--- Comment #23 from Andrei Alexandrescu <> ---
(In reply to Tomer Filiba (weka) from comment #21)
> Walter, the @safe-ty aspects of the issue are one thing. In real code, @safe
> is hardly workable, i.e.
> void main() {
>     int x;
>     writeln(&x);    // Error: cannot take address of local `x` in `@safe`
> function `main`
> }

We should address this situation by having writeln take scope inputs. It does
not escape any pointers.

> It's either you go whole nine yards and implement a full-blown
> borrow-checker like rust, or impose very strict (and sometimes arbitrary)
> limitations that practically make it unusable.

We believe there's a third way, but the burden of proof is indeed on us.

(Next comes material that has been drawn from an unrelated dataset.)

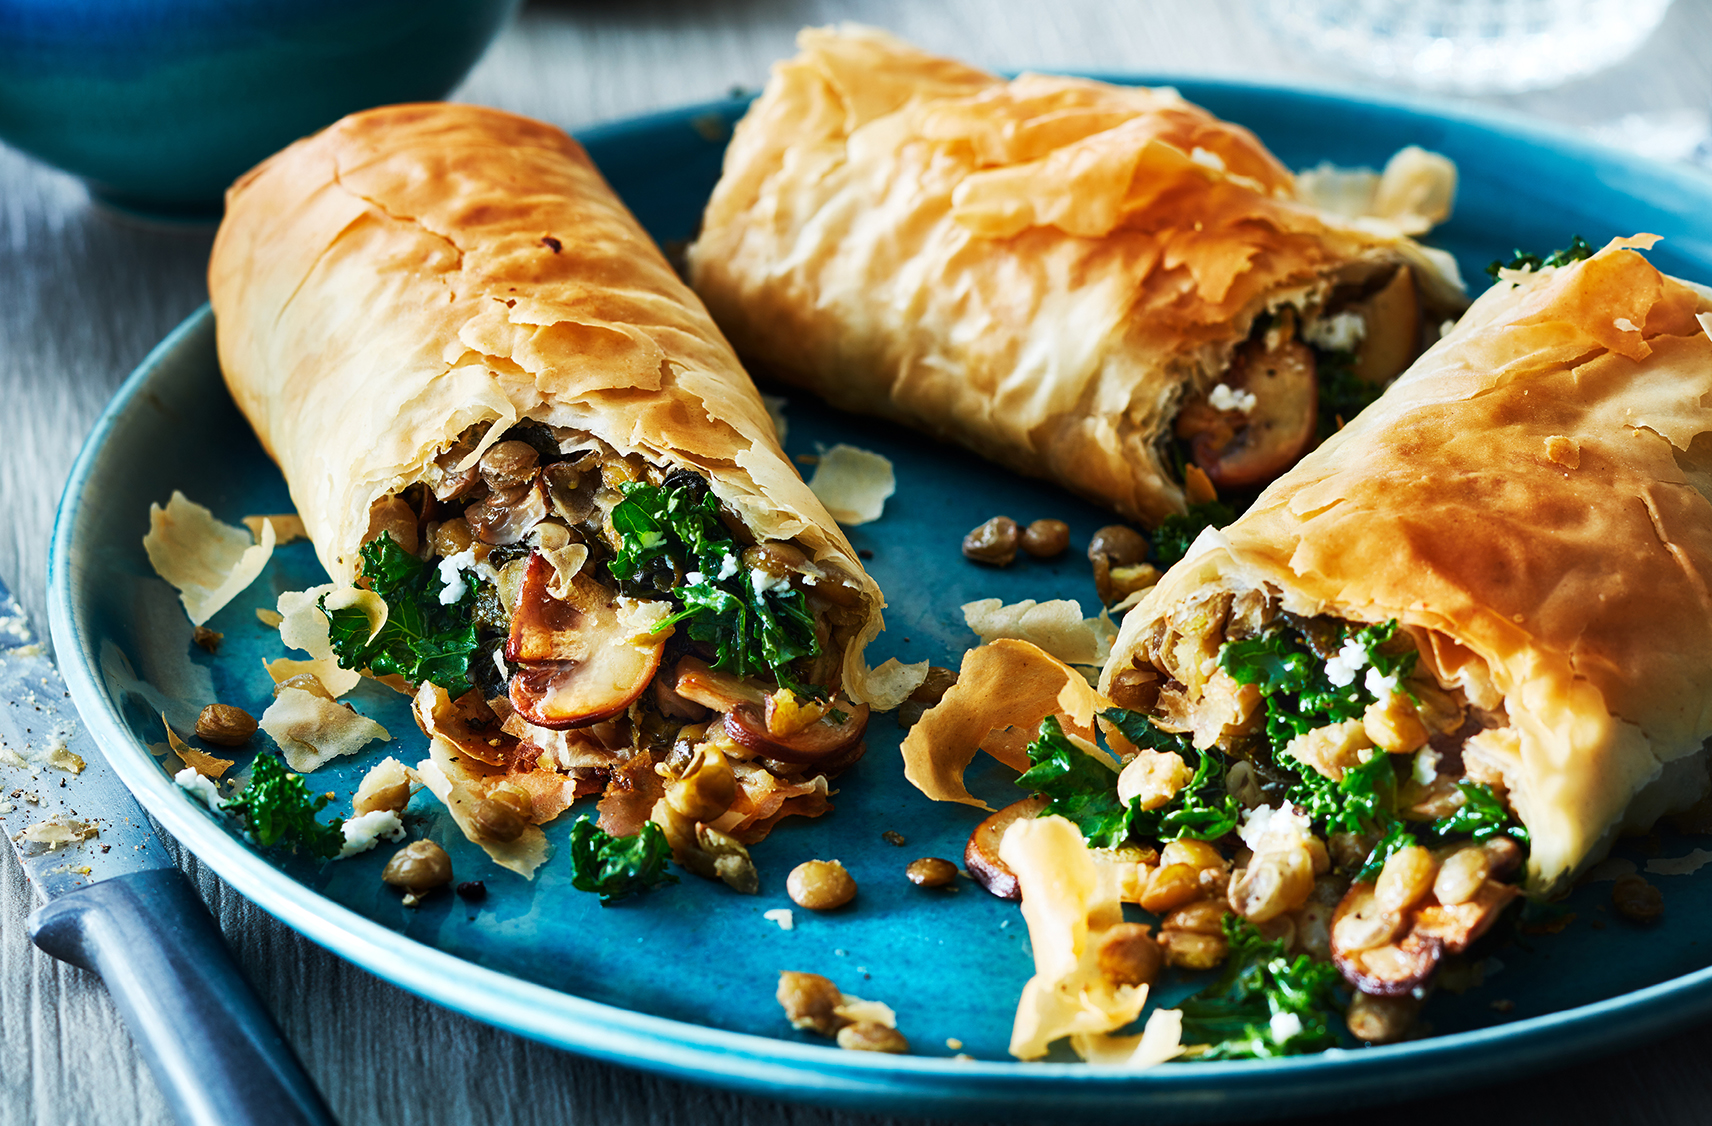 three strudels stuffed with savoury kale and mushroom mixture.  served on a blue plate

> But @safe-aside, the *more important* aspect here that the compiler must
> provide a guarantee of *never moving* structs that are marked `@disable
> this(this)` or `pragma(immovable)` or with any other syntax. It's a semantic
> contract with the compiler, not an optimization.
> So for example, a desired outcome might be for this not to compile:
> pragma(immovable) struct S {
>     int x;
> }
> S func() {
>     return S(100);
> }
> void main() {
>     S s = func();
> }
> Should the compile be unable to rewrite this as pass-by-reference. 
> I hope it makes the problem clear, again, @safe is really not the issue
> here. It's the guarantees provided by move semantics.

I think immovability is a red herring. The problem is a pointer is escaped and
it shouldn't be. Even if the struct were immovable, you could construct other
cases in which &this gets messed up.

(Thinking of supporting the notion of immovable objects - it would have huge
ripples. Already supporting structs with @disable this(); and/or @disable
this(this); in the standard library is a recurring (and still ongoing)
nightmare. Dealing with immovability on top of that would make a lot of code a
lot heavier.)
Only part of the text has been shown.